What the exercise asks – Beginning with the line that contains "Lucerne, main image", retype the entries below exactly, ending with the line that contains "fee68132a Vestido crú". Leave out any pictures.

Source information –
◆ ◆ ◆ ◆

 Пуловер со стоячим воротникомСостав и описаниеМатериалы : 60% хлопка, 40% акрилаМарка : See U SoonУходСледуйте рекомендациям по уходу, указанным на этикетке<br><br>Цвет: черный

◆ ◆ ◆ ◆

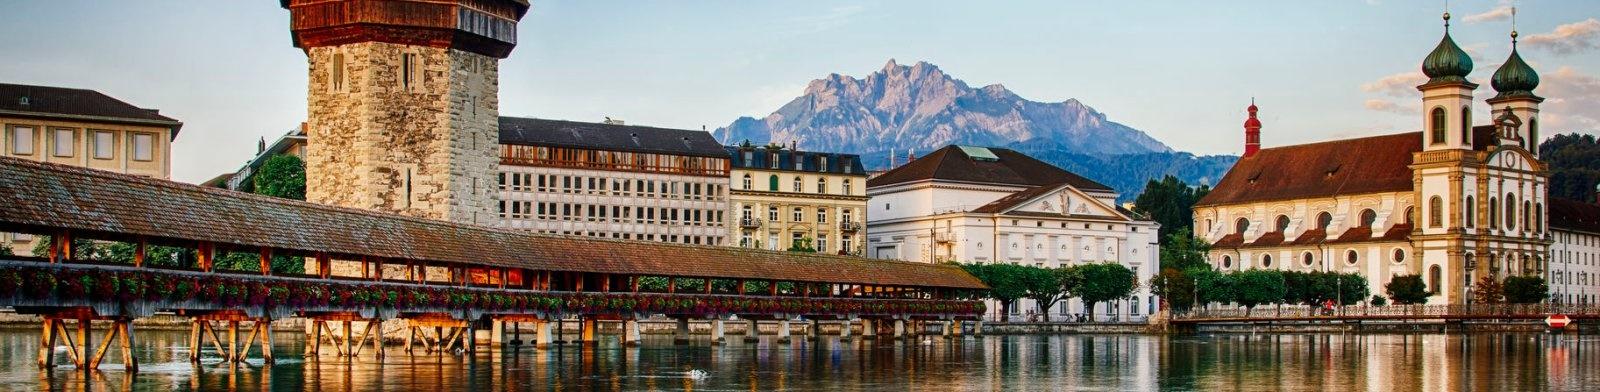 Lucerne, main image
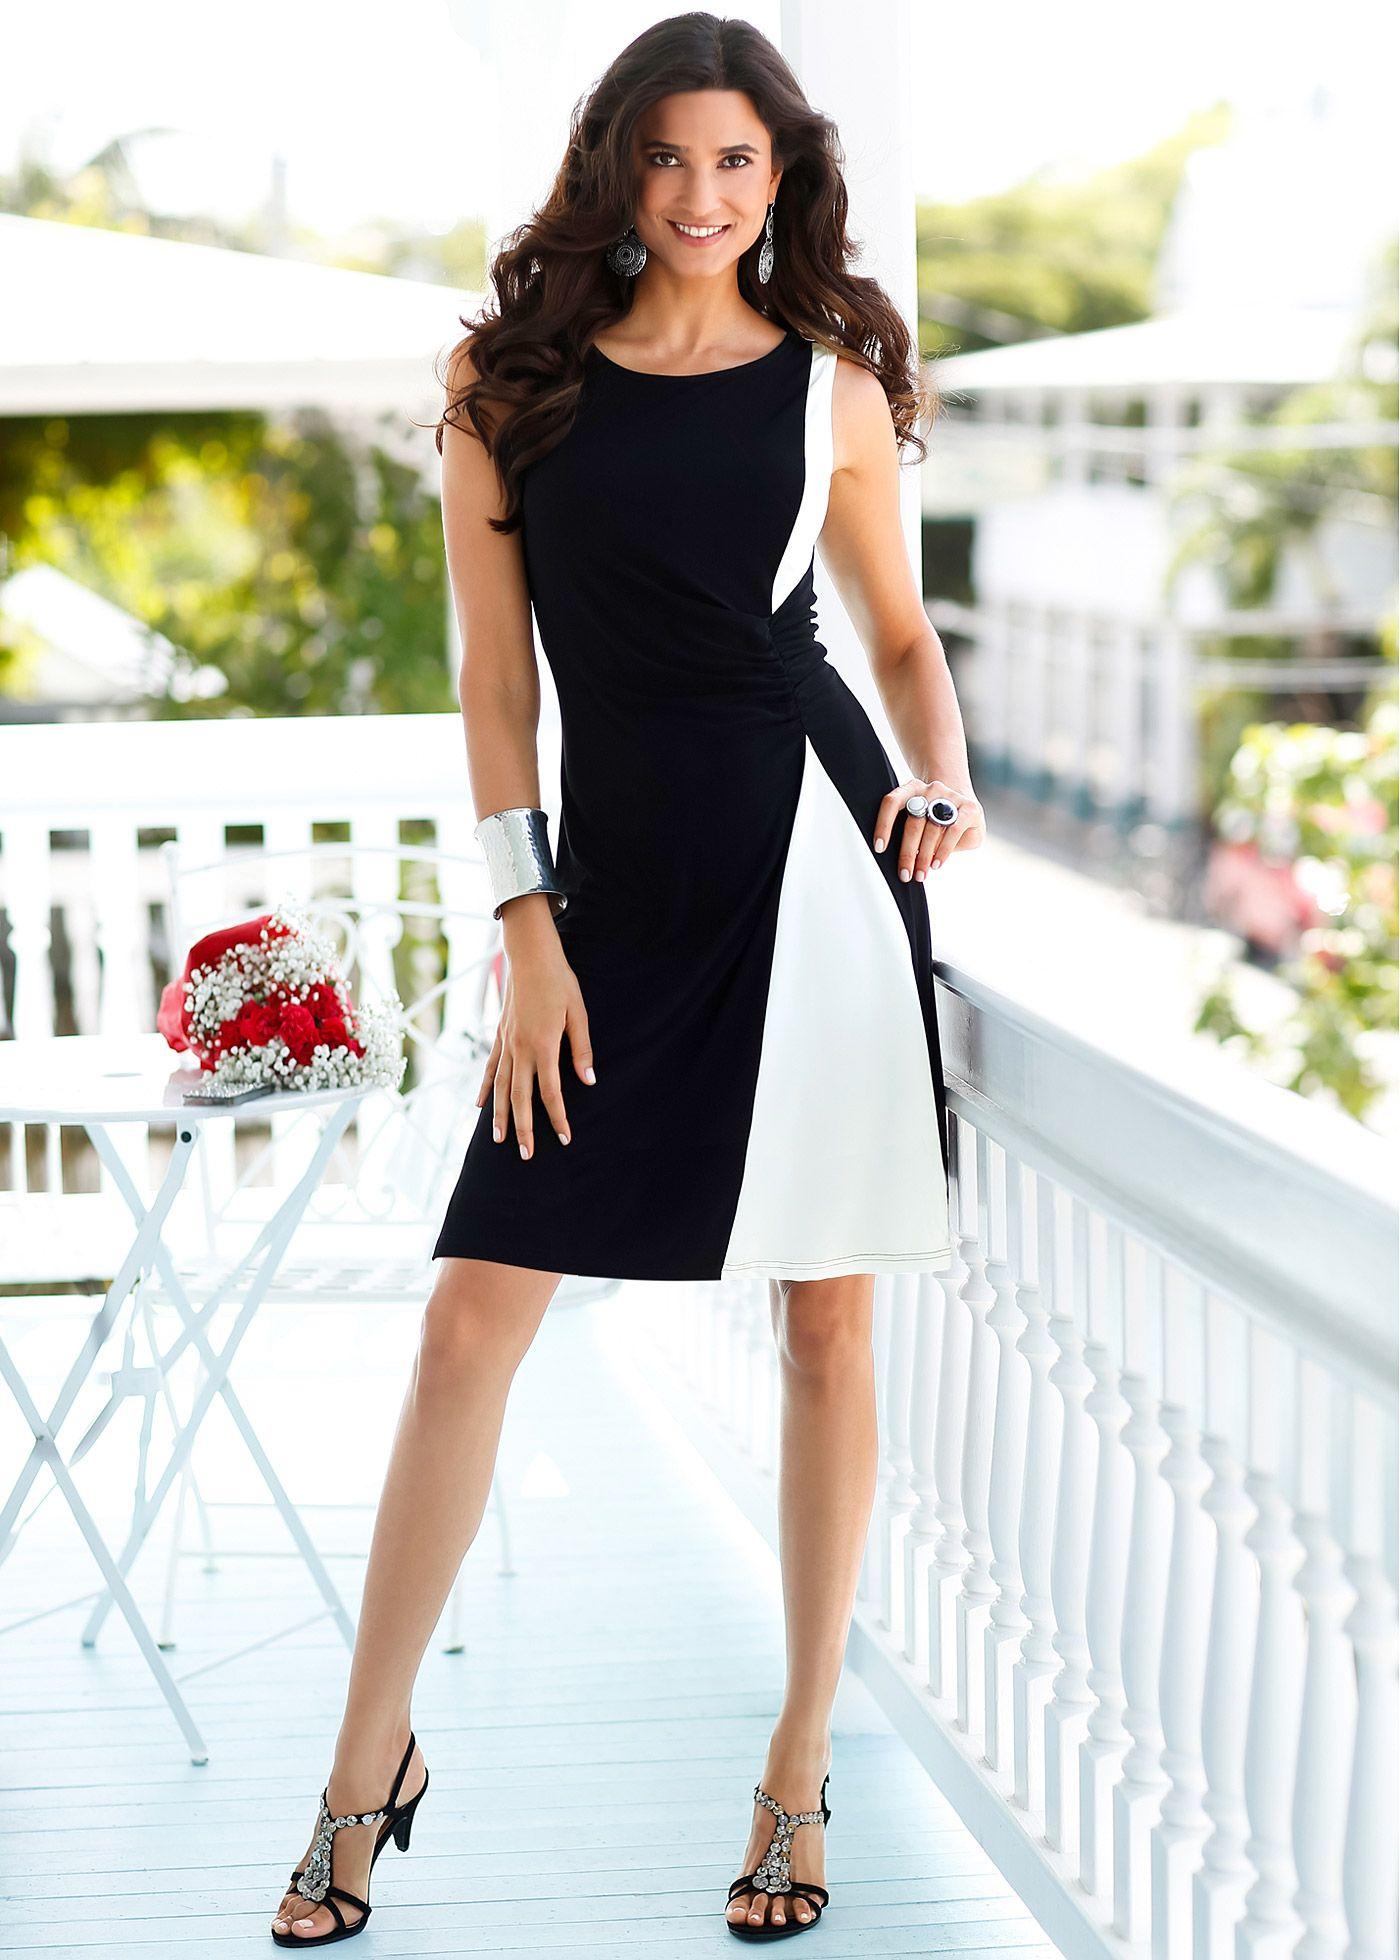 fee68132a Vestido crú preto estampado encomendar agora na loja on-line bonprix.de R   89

◆ ◆ ◆ ◆

Exercise solution –
 Lucerne, main image
 fee68132a Vestido crú preto estampado encomendar agora na loja on-line bonprix.de R   89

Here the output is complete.